Supplied material -
----

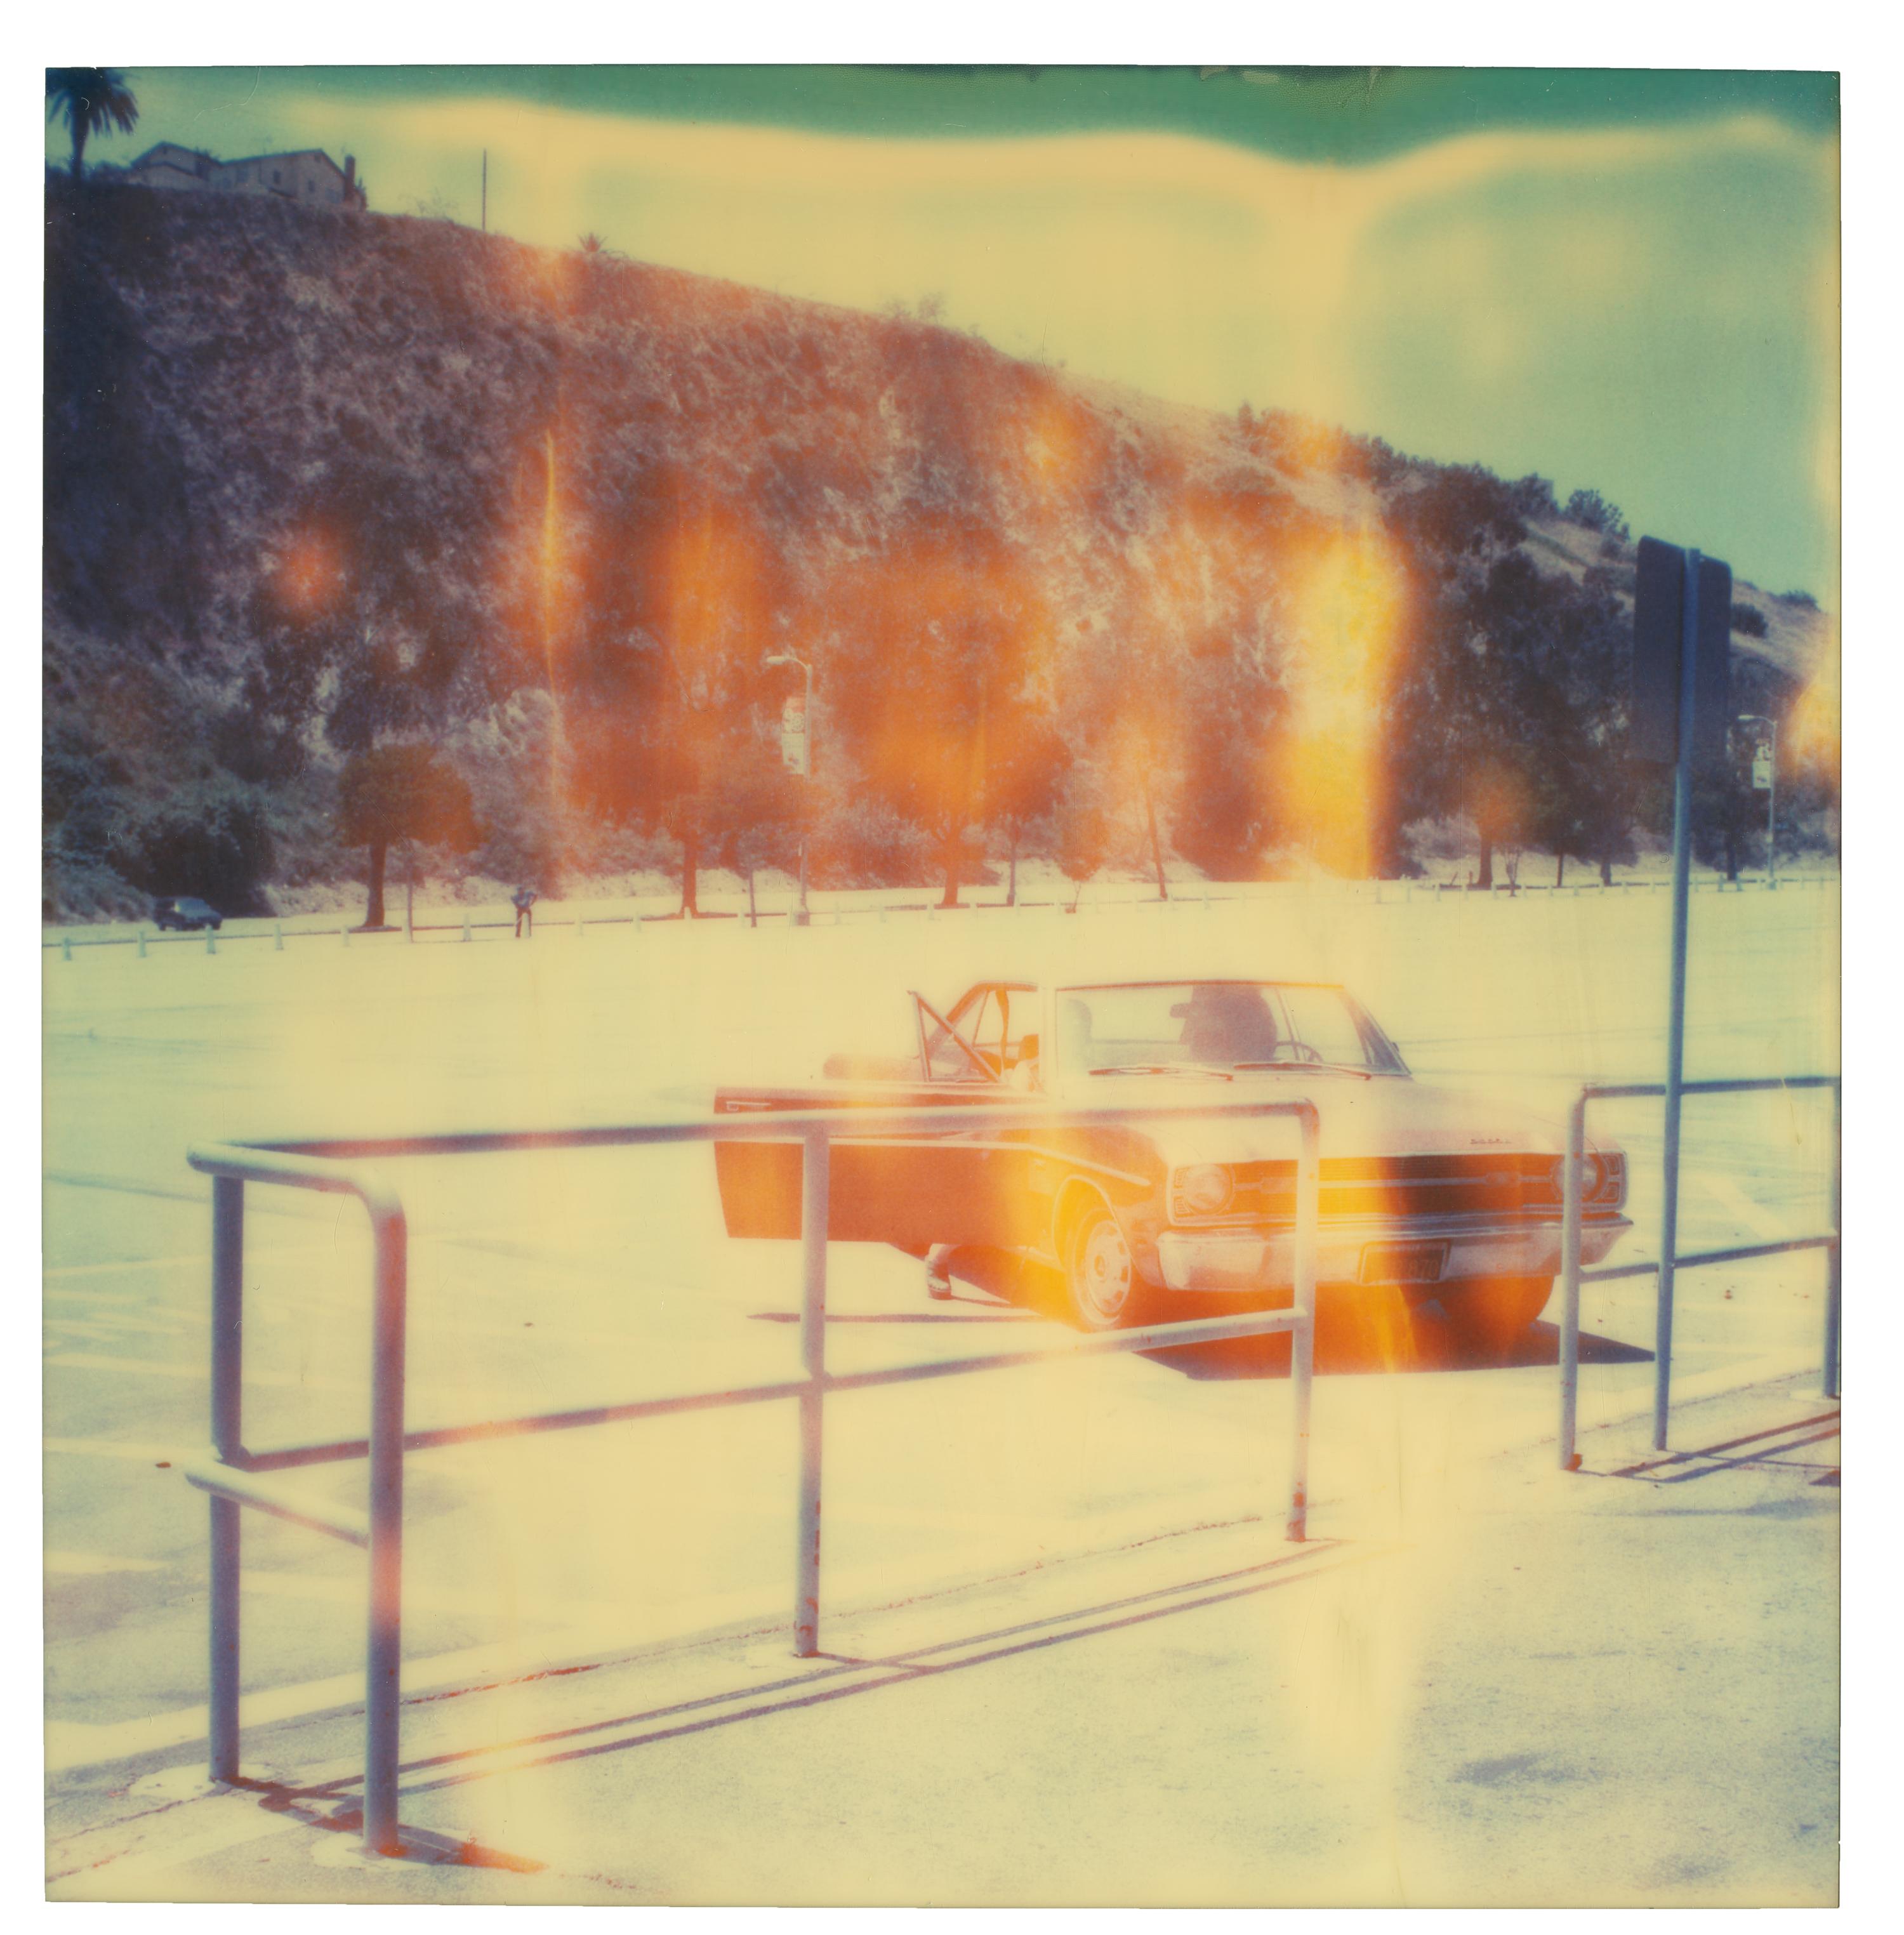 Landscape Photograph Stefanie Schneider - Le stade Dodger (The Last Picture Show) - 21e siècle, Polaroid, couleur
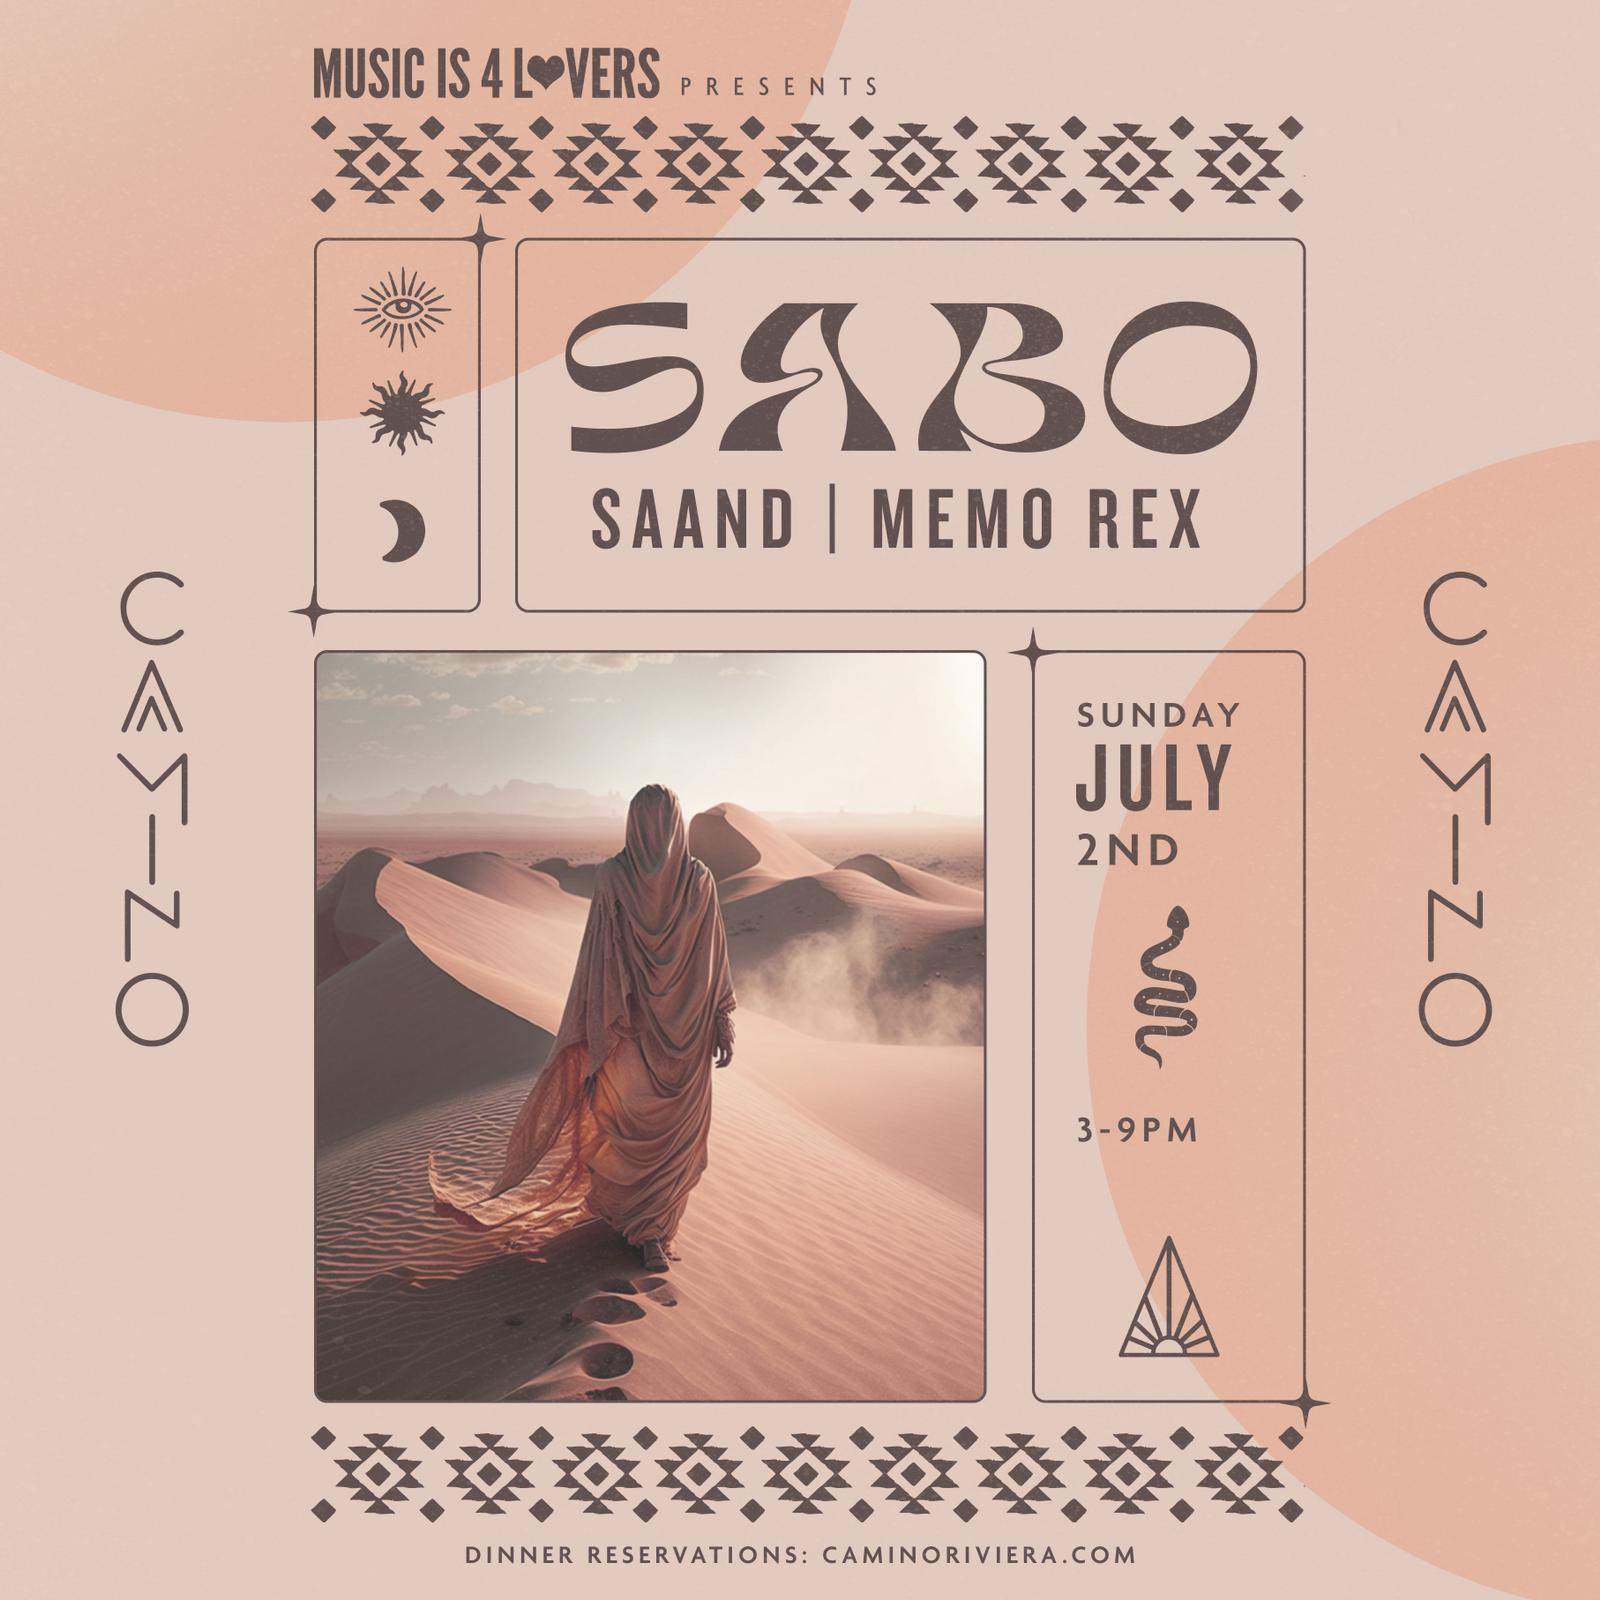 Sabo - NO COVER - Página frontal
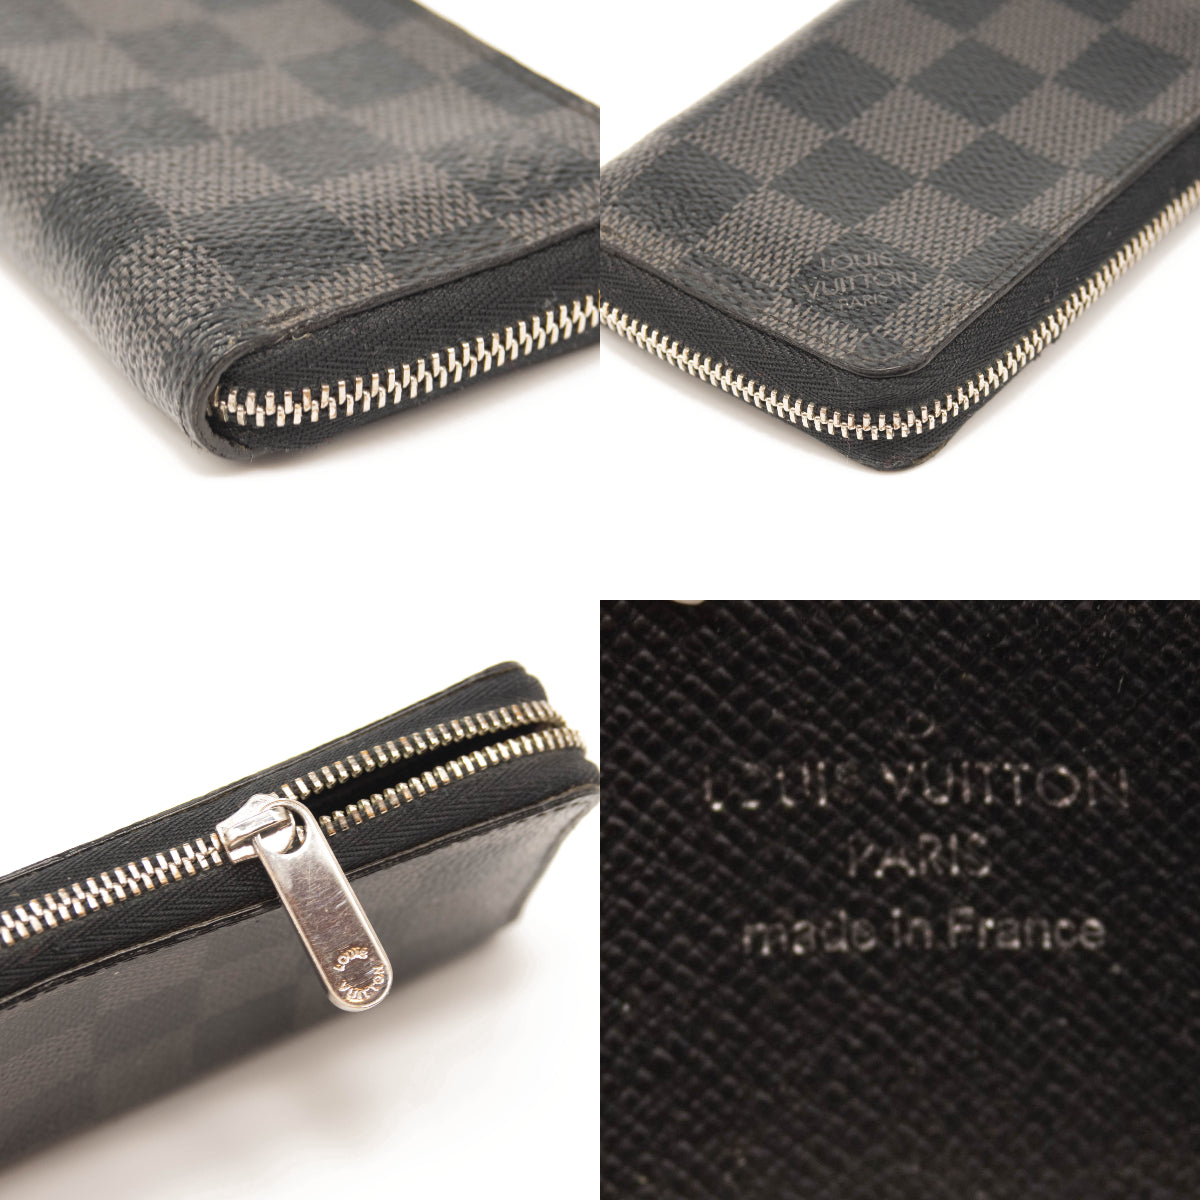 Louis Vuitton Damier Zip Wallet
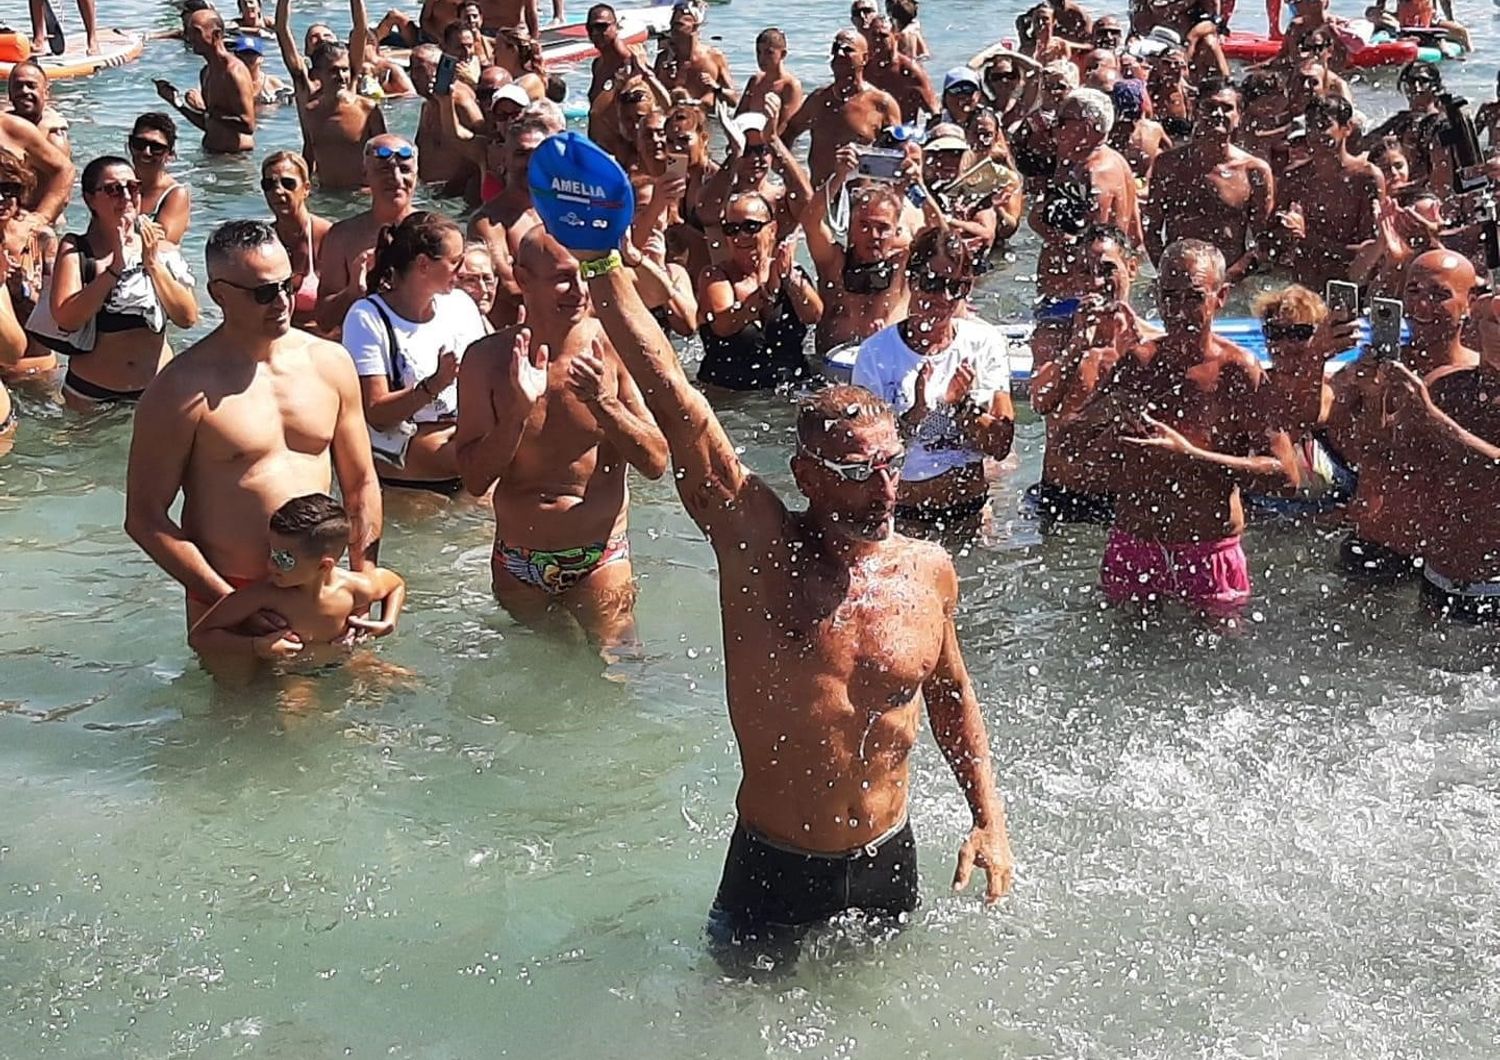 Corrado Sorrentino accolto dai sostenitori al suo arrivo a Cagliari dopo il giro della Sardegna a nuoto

----

When you repeat the listing, keep it exact and leave the pictures behind.

 Landscape Photograph Stefanie Schneider - Le stade Dodger (The Last Picture Show) - 21e siècle, Polaroid, couleur
 Sabo - NO COVER - Página frontal
 Louis Vuitton Damier Zip Wallet
 Corrado Sorrentino accolto dai sostenitori al suo arrivo a Cagliari dopo il giro della Sardegna a nuoto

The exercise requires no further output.